Is there any valid way to allow a reverse proxy handler (currently manually invoked from a custom handler, though this should not matter since in the end we just return rp.ServeHTTP(..)
) to execute middleware on the response, or does ‘terminating’ in the documentation mean it terminates both ways: both request-wise and response-wise?
If so, what would be the suggested way to alter the response from reverseproxy.Handler.ServeHTTP()
, preferably without duplicating code by replicating the HTTP proxying code and doing a manual HTTP request to the backend for the URLs that we’d like to filter?

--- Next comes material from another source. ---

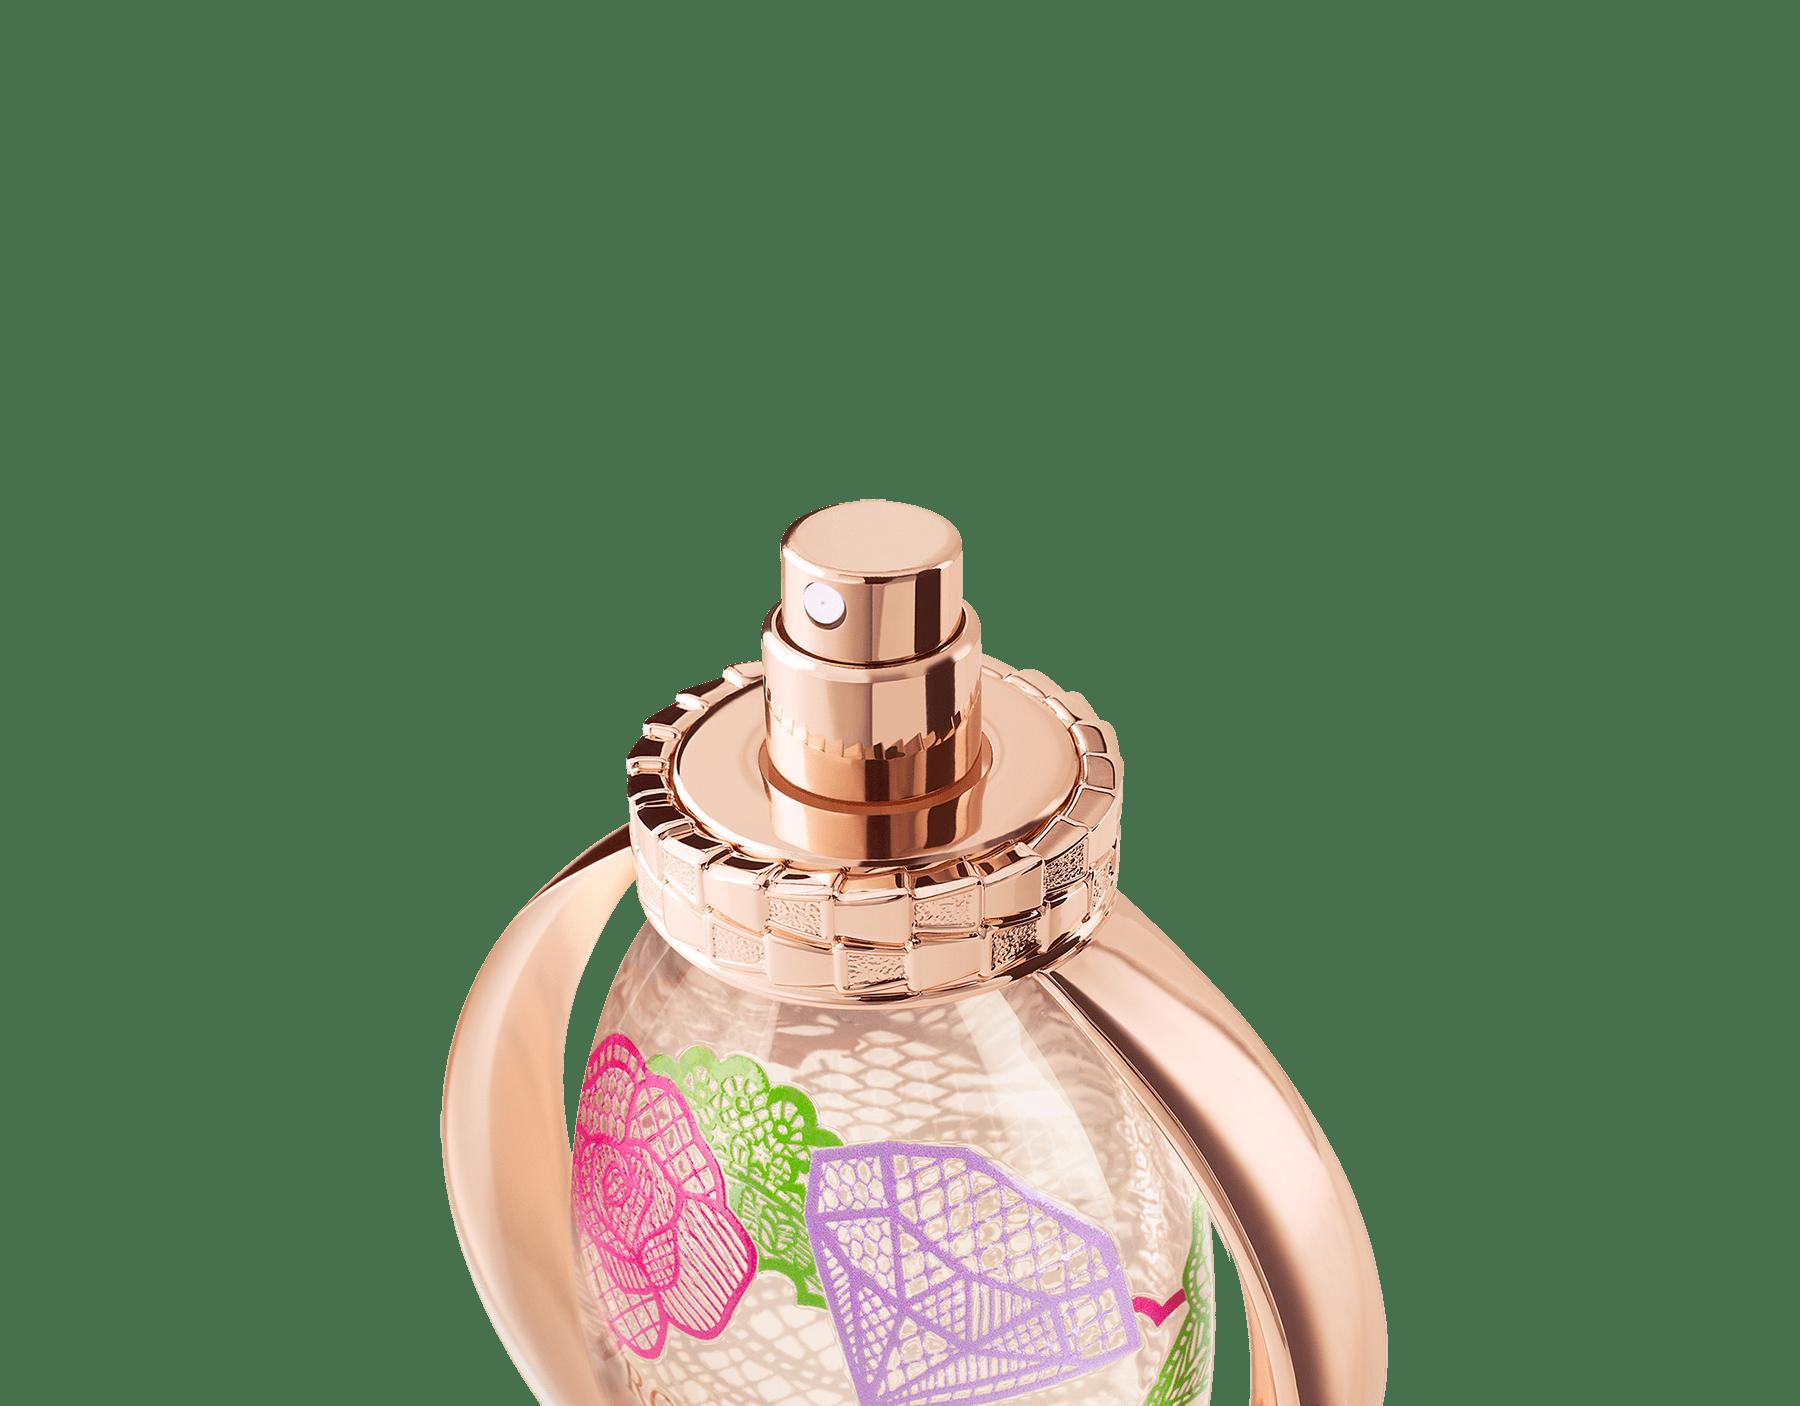 A new Limited Edition in collaboration with a Korean artist, Kathleen Kye, encapsulating the original Rose Goldea Eau de Parfum. 41150 image 4

The configuration used is along the lines of the following:
caddyhttp.Route{
MatcherSetsRaw: caddyhttp.RawMatcherSets{
map[string]json.RawMessage{
"host": wrapJSON([]string{fmt.Sprintf("*.%v", domainName)}),
},
},
HandlersRaw: []json.RawMessage{
wrapJSONHandler("templates", map[string]interface{}{
"include_root": "",
"mime_types": []string{"text/html", "text/plain", "text/plain; charset=utf-8"},
}),
wrapJSONHandler("cfx_nucleus", map[string]interface{}{}),
(wrapJSONHandler
is just a helper which adds a handler
key and merges in the interface itself)
EDIT: ah, mea culpa: this seems to work fine for a page with a response Content-Type of text/html; charset=utf-8
, but a JSON response which has a Content-Type of text/plain; charset=utf-8
does not get the value filtered, interestingly - perhaps this is due to JSON’s usage of {}
?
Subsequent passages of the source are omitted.